Much of the contemporary debate in the philosophy of mind is concerned with the clash between certain strongly held intuitions and what science tells us about the mind and its relation to the world. What science tells us about the mind points strongly towards some version or other of physicalism. The intuitions, in one way or another, suggest that there is something seriously incomplete about any purely physical story about the mind ... Most contemporary philosophers given a choice between going with science and going with intuitions, go with science. Although I once dissented from the majority, I have capitulated and now see the interesting issue as being where the arguments from the intuitions against physicalism—the arguments that seem so compelling—go wrong.
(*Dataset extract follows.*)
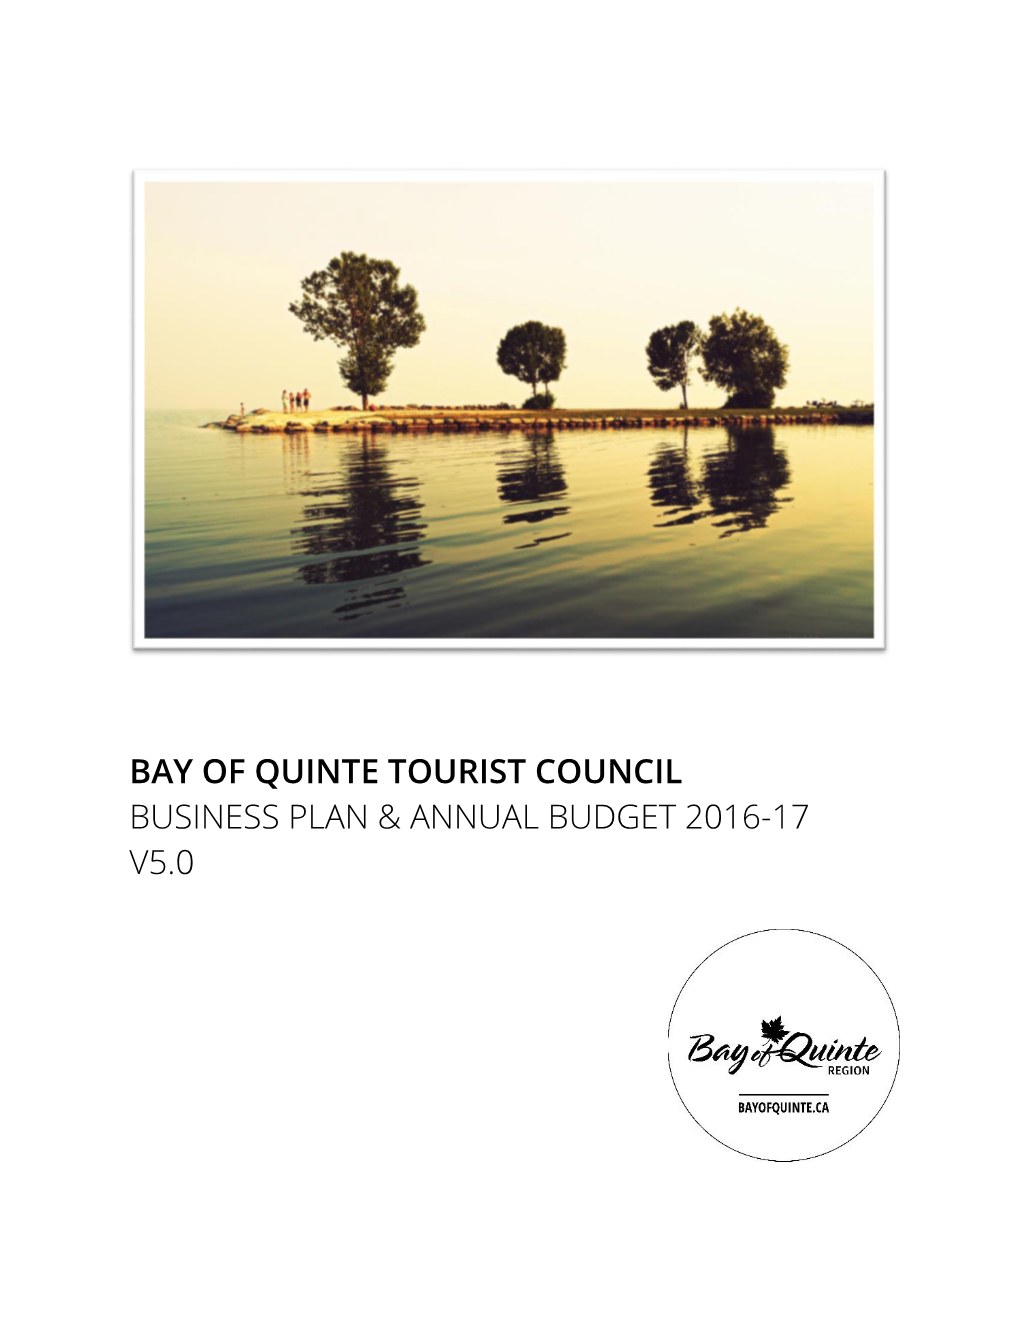 Bay of Quinte Tourist Council Business Plan & Annual

If one is willing to accept the first premise that reductive forms of physicalism are false, then the argument takes off. Thus, one could think of Moreland as making an argument that tries to move a person from "rejecting physicalism" to "accepting theism." The crucial step in this move is the fifth premise, which asserts that naturalism can not account for non-physical mental states. A critique of this premise is offered by Andrew Melnyk:

Naturalism can easily explain how the universe came to contain physically irreducible conscious occurrences. It can do so by supposing that, among the fundamental laws governing the universe, there are some according to which, whenever such-and-such complex nonconscious occurrences occur, so-and-so conscious occurrences occur; perhaps such a law says that, whenever a human brain attains a certain kind and degree of complexity, a pain is experienced. Given such laws, the capacity for consciousness that some creatures enjoy, like the capacity for breathing, can be explained as having arisen through natural selection. Through mutation, some creature was born with a brain of the requisite kind and degree of complexity to generate conscious experiences; and then, because these experiences increased the creature's fitness, such creatures were selected for.

However Moreland charges that such attempts to accommodate consciousness within an atheistic worldview are ad hoc and contrived and fail to take into account many features of conscious experience.
Moreland spends much of the book defending this premise against philosophers, such as Michael Martin, who accept pluralist naturalism. He also critiques contemporary philosophers of mind such as John Searle, Timothy O' Connor, Colin McGinn, David Skriba, Philip Clayton and Jaegwon Kim, who attempt to account for consciousness.

Finally, one can also question premise eight: why does a personal explanation have to lead to monotheistic (as opposed to deistic or polytheistic) accounts of intention? However, Moreland maintains that questioning these minor premises is of little consolation to the naturalist as they essentially constitute intramural theist debates, and that for most westerners theism is the only viable candidate to accommodate personal explanations. Similarly Occam's razor can be applied so only one personal agent is required.